Because CD4+ T cells change their dominant subsets from Th1 in the early stages to Treg and Th17 cells in the late stages of cancer progression (21), their roles are very complex and difficult to confirm (36). Little is known about the dynamic and functional alterations of these CD4+ T cell subsets in the immune-editing processes during breast cancer progression (21). Based on IHC staining for CD4 and CD8, high levels of CD8+ TILs and CD4+ TILs as well as the combination of high CD4+/high CD8+ TILs are good prognostic indicators in TNBC (37). Interestingly, the functions of Tregs in TNBC are mixed. Although Tregs have been reported to be negative regulators in the tumor microenvironment, two recent studies reported different results: Lee et al. (40) showed that FoxP3 expression was a favorable prognostic indicator for patients with TNBC in their study. Specifically, the OS of patients with TNBC ≥15 FoxP3-positive cells per 10 high-power fields was significantly better than that of patients with TNBC ≤15 FoxP3-positive cells. Moreover, West et al. discovered that the number of FoxP3+ T cells level directly correlated with prolonged RFS in TNBC, particularly among basal-like breast cancer, for which the FoxP3 status is an independent prognostic factor (41). Therefore, anti-tumor immunity may be sufficiently strong in TNBC, despite the existence of Tregs, which may partly explain the contradictory results. Of note, the association of FoxP3+ TILs with good outcome depended on the presence of large numbers of CD8+ TILs (41). Additionally, although the CD8+/FoxP3+ ratio has been used to evaluate the prognosis of patients with breast cancer (26), this ratio may not be an appropriate parameter for prognosis due to two reasons: 1) the presence of Tregs actually represents a natural secondary consequence of an active immune response (42), and 2) persistent high-level PD-1 expression on antigen-experienced CD8+ T cells leads to “T cell exhaustion”, namely, a CD8+ T cell phenotype characterized by impaired effector function and the persistent expression of inhibitory receptors (43).

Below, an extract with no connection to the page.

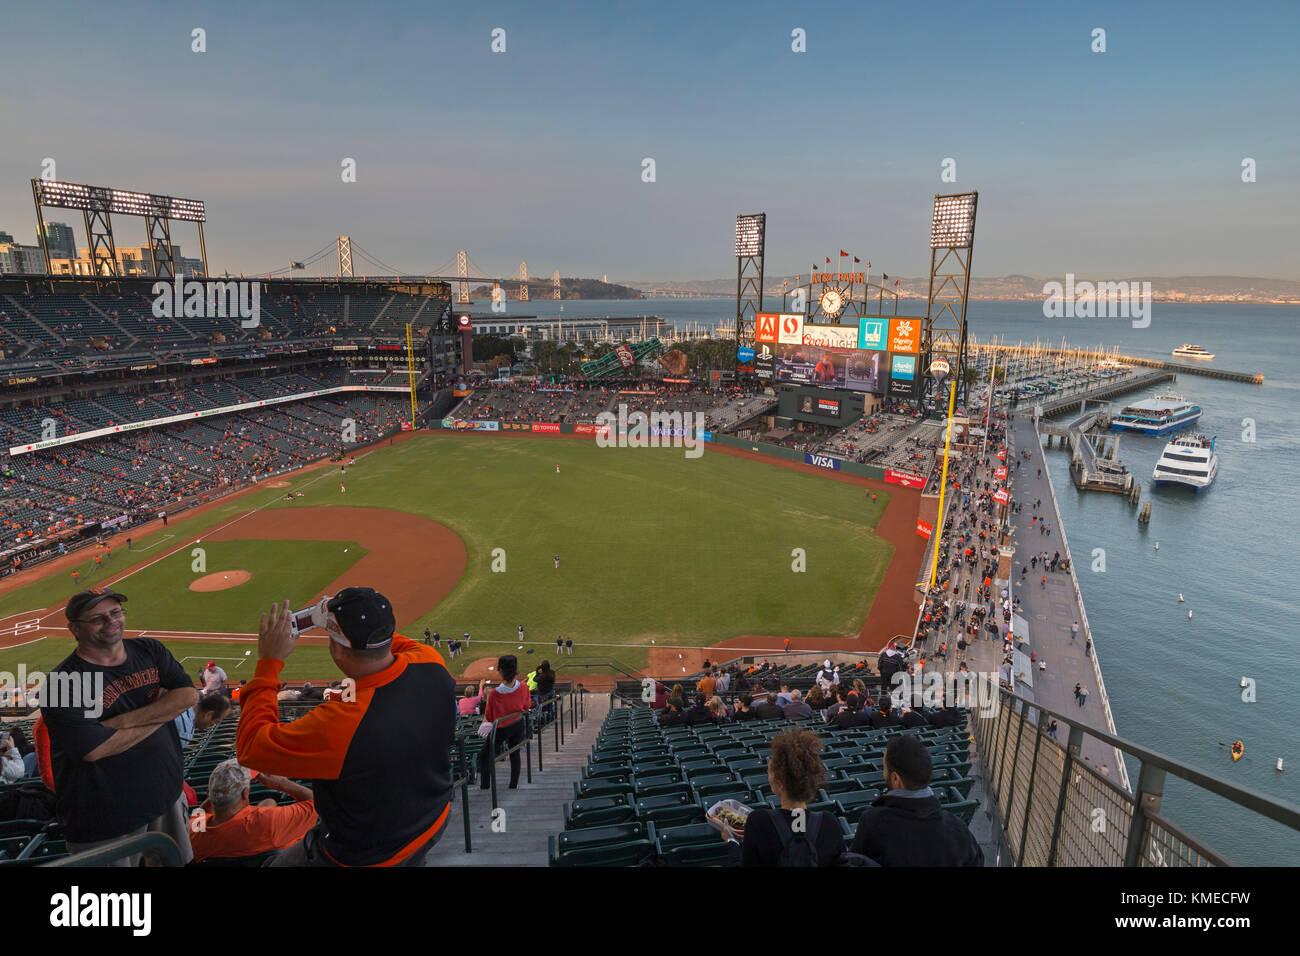 Att ballpark, casa di San Francisco Giants squadra di baseball di San Francisco, California, Stati Uniti d'America Immagini Stock
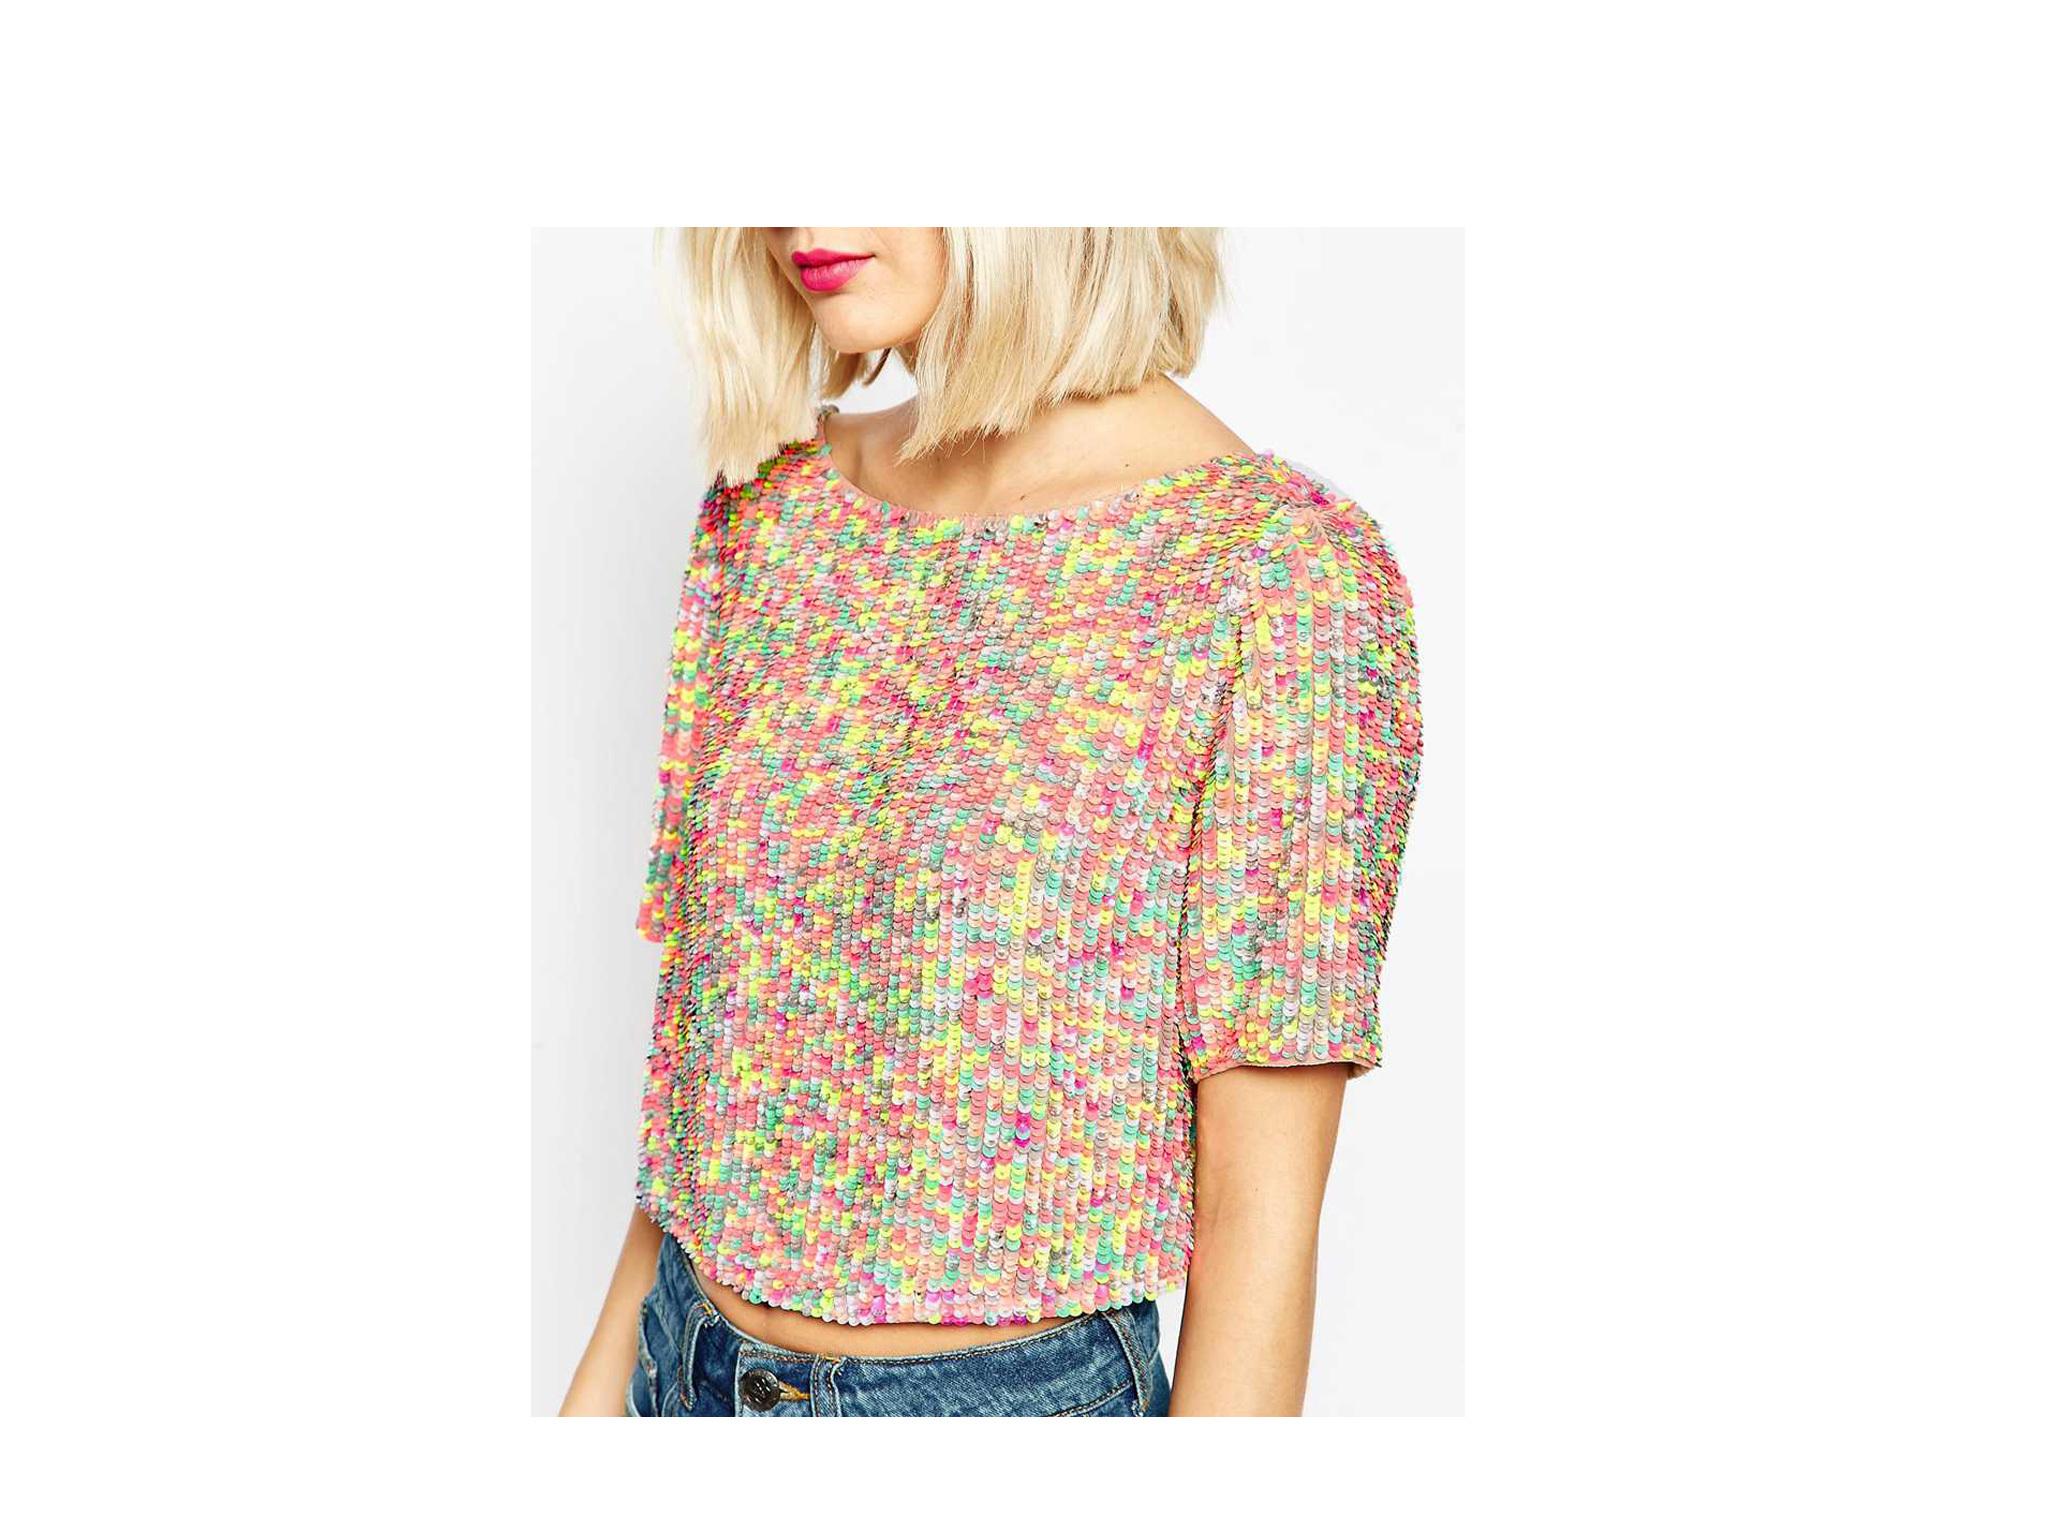 Sequin T-Shirt, £45, ASOS

Considering the limited data and corresponding mixed results, more prospective or retrospective studies of larger patient populations are warranted to delineate the prognostic value of TILs in TNBC. To this end, better methods and techniques will be needed to analyze TILs in TNBC.
Tumor-associated macrophages (TAMs)
Characteristics of TAMs in TNBC
TAMs originate from blood monocytes and are recruited to the tumor site by factors secreted by the tumor or stromal cells, such as CCL2 (44). In general, macrophages can be schematically identified as M1 (classically activated) and M2 (alternatively activated) (23,45).
TAMs have been suggested to be biased towards an M2 phenotype but contain elements of both M1 and M2 (23). Breast cancer cells secrete factors that drive macrophages toward M2 differentiation, and this effect was most pronounced for MDA-MB-231 cells, the most aggressive breast cancer cell type (46,47). The polarization toward M2 is mainly mediated by Th2 cytokines, such as IL-4, and anti-inflammatory cytokines, such as IL-10, transforming growth factor-β (TGF-β) and M-CSF (48). Compared to other subtypes, TNBCs secrete more G-CSF, thereby priming M1 cells to promote tumor growth by skewing them to an anti-inflammatory phenotype (M2) (49).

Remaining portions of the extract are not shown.